Terkait klaim kawasan hutan ini, WSN juga meminta agar Menteri Kehutanan, Raja Juli Antoni tidak gegabah membuat pernyataan menyediakan 20 juta hektar hutan untuk mendukung pangan dan energi.

Baca Juga: Sultan Sebut Sawit Bisa Jadi Modal Soft Power Indonesia Dalam Geopolitik Global

“Kami minta Pak Menteri jangan Asal Bapak Senang (ABS). Beresi dulu pengukuhan kawasan hutan itu sesuai dengan pasal 14 dan 15 Undang-undang 41 Tahun 1999 Tentang Kehutanan. Jangan justru mengklaim lahan-lahan rakyat menjadi kawasan hutan. Yang kami temukan seperti itu, banyak kebun-kebun rakyat yang sudah dikuasai lebih dari 25 tahun diklaim menjadi kawasan hutan.
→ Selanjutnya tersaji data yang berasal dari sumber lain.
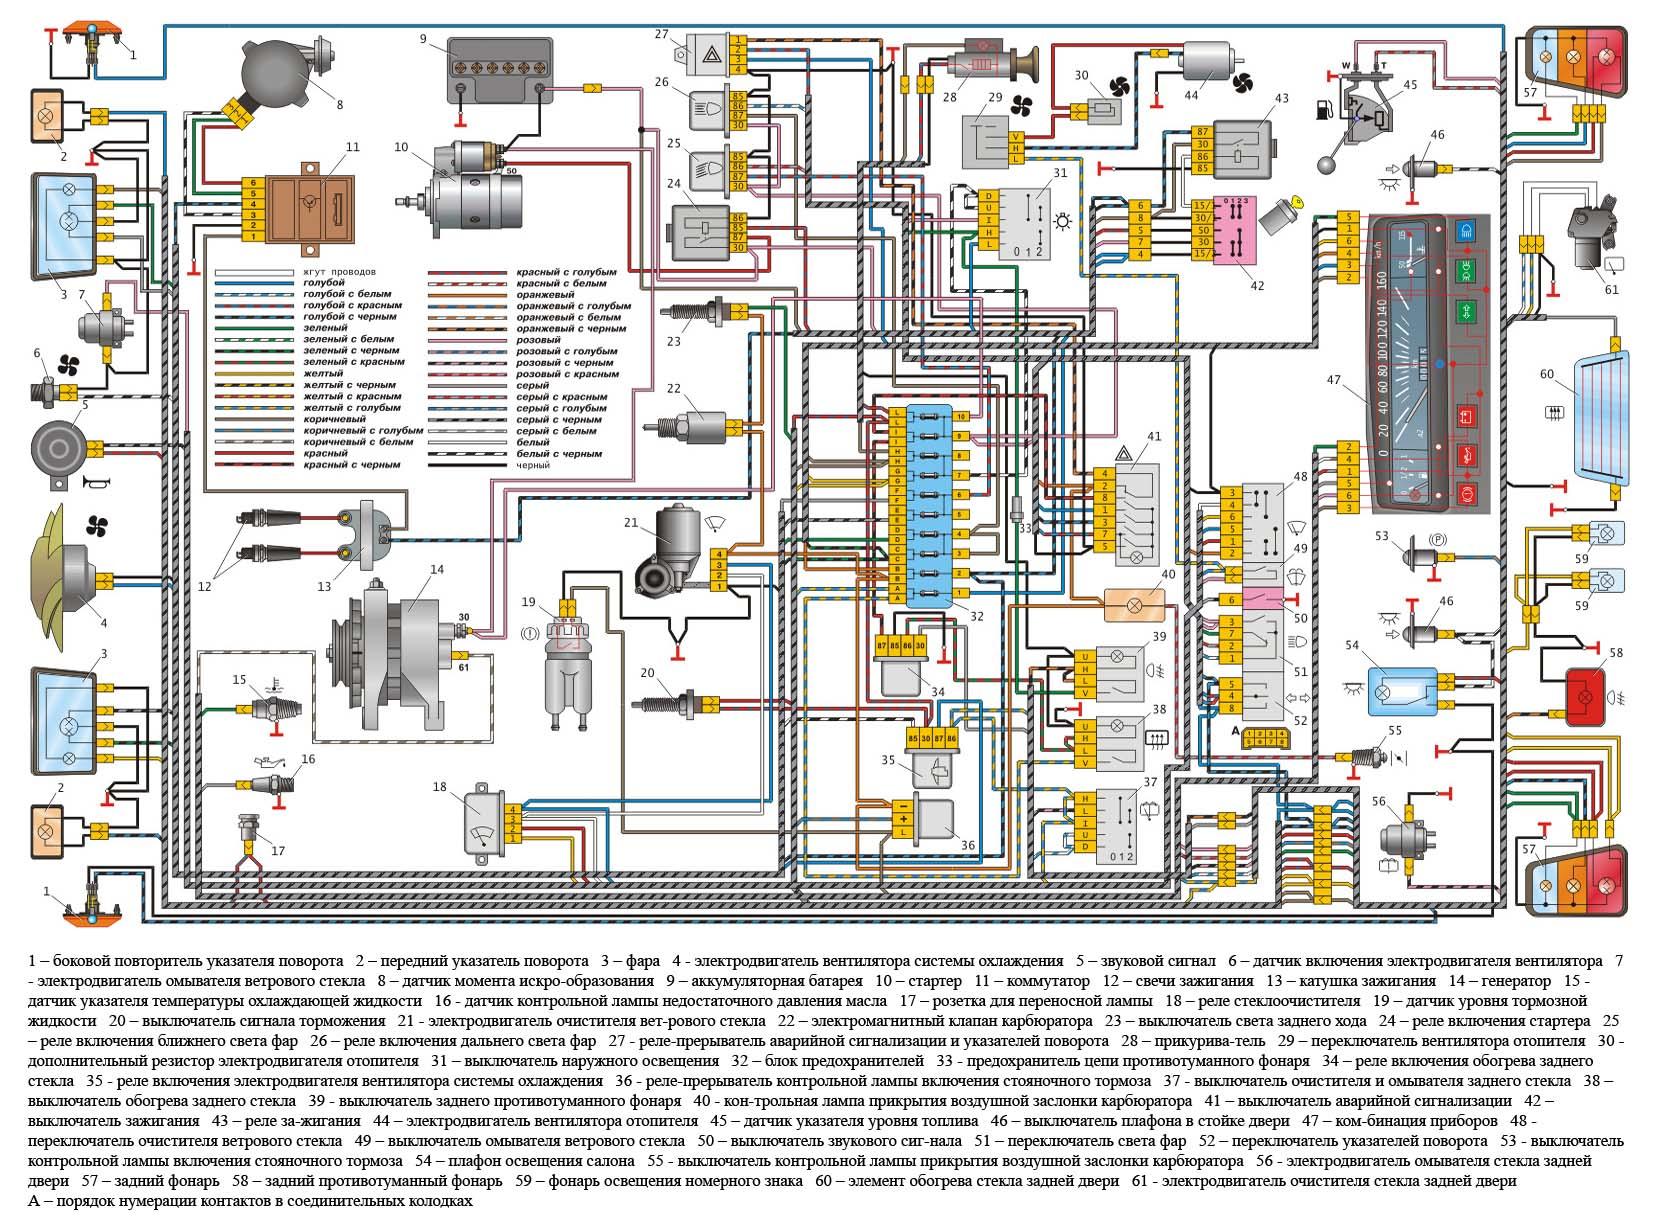 Схема механических стеклоподъемников ваз 2121

Sementara sampai sekarang tidak jelas pengukuhan kawasan hutan di negara ini seperti apa,” katanya.

Kalau memang Menteri Kehutanan mendukung keinginan Presiden Prabowo kata Aziz, lepaskan itu hak-hak masyarakat dari klaim kawasan hutan agar lahan-lahan itu bisa bernilai ekonomis untuk mendukung usaha rakyat.

“Intinya, kami sangat berterimakasih Presiden Prabowo telah peduli dengan keberlanjutan perkebunan kelapa sawit Nasional. Namun bukan berarti harus menambah luasan perkebunan kelapa sawit. Kalau persoalan pada lahan yang sudah eksisting diberesi, saya yakin misi ketahanan pangan dan energi yang diusung Presiden Prabowo, akan tercapai sebelum masa jabatan lima tahun pertamanya usai, saya yakin itu,” Aziz optimis. 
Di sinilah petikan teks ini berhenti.